R for free API query:

tweets <- search_tweets(q = "humboldt", #search term
                      n = 10000,   #maximum number of tweets to return
                      include_rts = FALSE, #whether or not to include retweets
                      retryonratelimit = TRUE, #deals with limits on searching -- keep this
                      geocode = lookup_coords("usa"), #accesses geocode for locations -- important for mapping
                      lang = "en" #language,
)

This results in 615 tweets for 4/22 UTC


#2

Hi @willcipolli - have you dug into the quality of the data? The search methods are different between the premium Search API and standard statuses/search


#3

@happycamper What do you mean the quality of the data?

The two methods I posted are different:

  • The top uses the premium API through python’s ``searchtweets" library. I can confirm these are querying my premium account by the count shown in my account dashboard.
  • The bottom uses the free API through R’s ``rtweet" library.

My questions isn’t about what data or the quality of data being returned, but the number of tweets captured.

Running the following in Python with my premium credentials I get 18 tweets.

rule = gen_rule_payload("(humbolt) -is:retweet lang:en",
                         from_date="2018-05-09",  # UTC 2018-04-05 00:00
                         to_date="2018-05-10",  # UTC 2018-04-21 00:00
                        results_per_call=500)

tweets = collect_results(rule,
                         max_results=200000,
                         result_stream_args=premium_search_args)
len(tweets)
18

Using my free-api credentials in R I get over 350 tweets.

> tweets <- search_tweets(q = "humboldt", #search term
+                         n = 10000,   #maximum number of tweets to return
+                         include_rts = FALSE, #whether or not to include retweets
+                         retryonratelimit = TRUE, #deals with limits on searching -- keep this
+                         geocode = lookup_coords("usa"), #accesses geocode for locations --                            important for mapping
+                         lang = "en", #language
+                         since="2018-05-09",until="2018-05-10"
+ )
Searching for tweets...
Finished collecting tweets!
> length(unique(tweets$text)) ##how many tweets did we collect?
[1] 355

#4

Could you please provide more information about the difference between these two search methods? I have experiencing the same thing.
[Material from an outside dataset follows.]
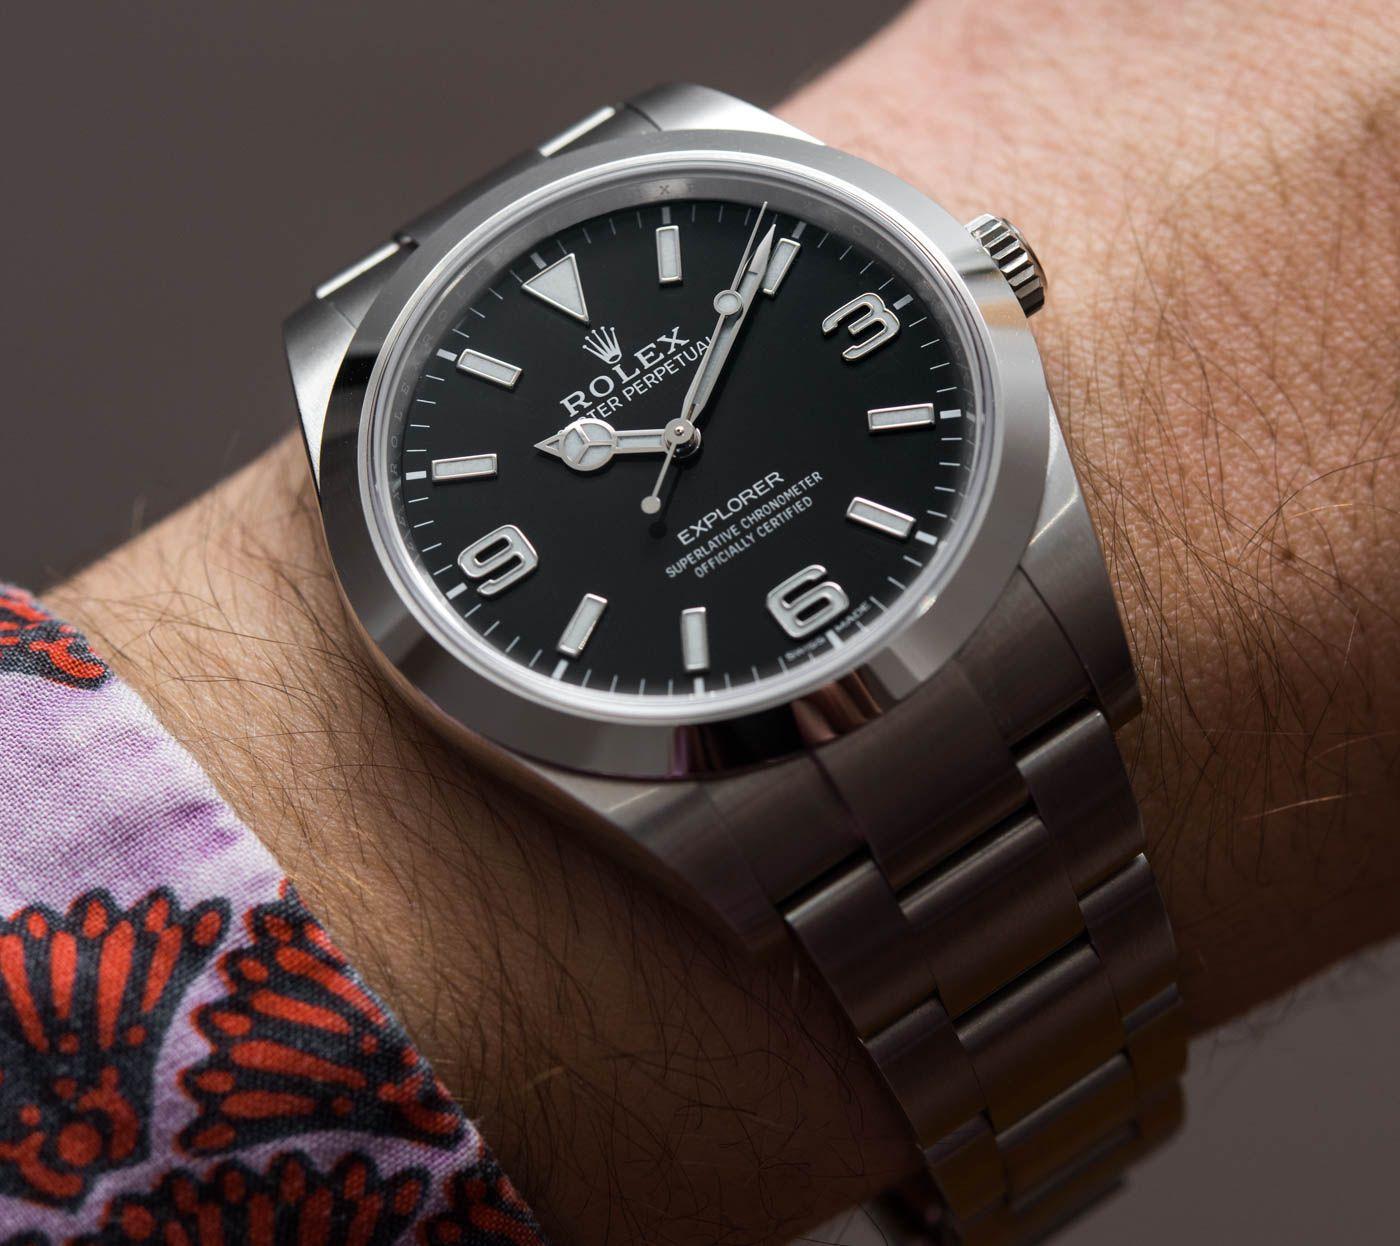 Rolex Explorer I 214270 39mm Review Wrist Time Reviews w 2019

I search with Standard API this q=%23customerexperience%20%23omnichannel%20-filter%3Aretweets%20-filter%3Amedia%20filter%3Alinks&lang=en&count=100&result_type=recent
and with Premium API Sandbox this
rule = gen_rule_payload("#customerexperience #omnichannel lang:en -has:media has:links", to_date=to_date, results_per_call=100)
where to_date is the date of the oldest tweet found by Standard API. Standard search gets 37 results for the last 7 days and 30day Sandbox get 11 tweets.


#5

The operators used with the two different products behave in different ways, ie match on different JSON objects, which could be the cause of this. As Emily suggested, have you investigated the quality of the results between the two APIs?

I personally recommend that you stick to the Premium product as much as possible, as we invest a lot more energy into this newer product.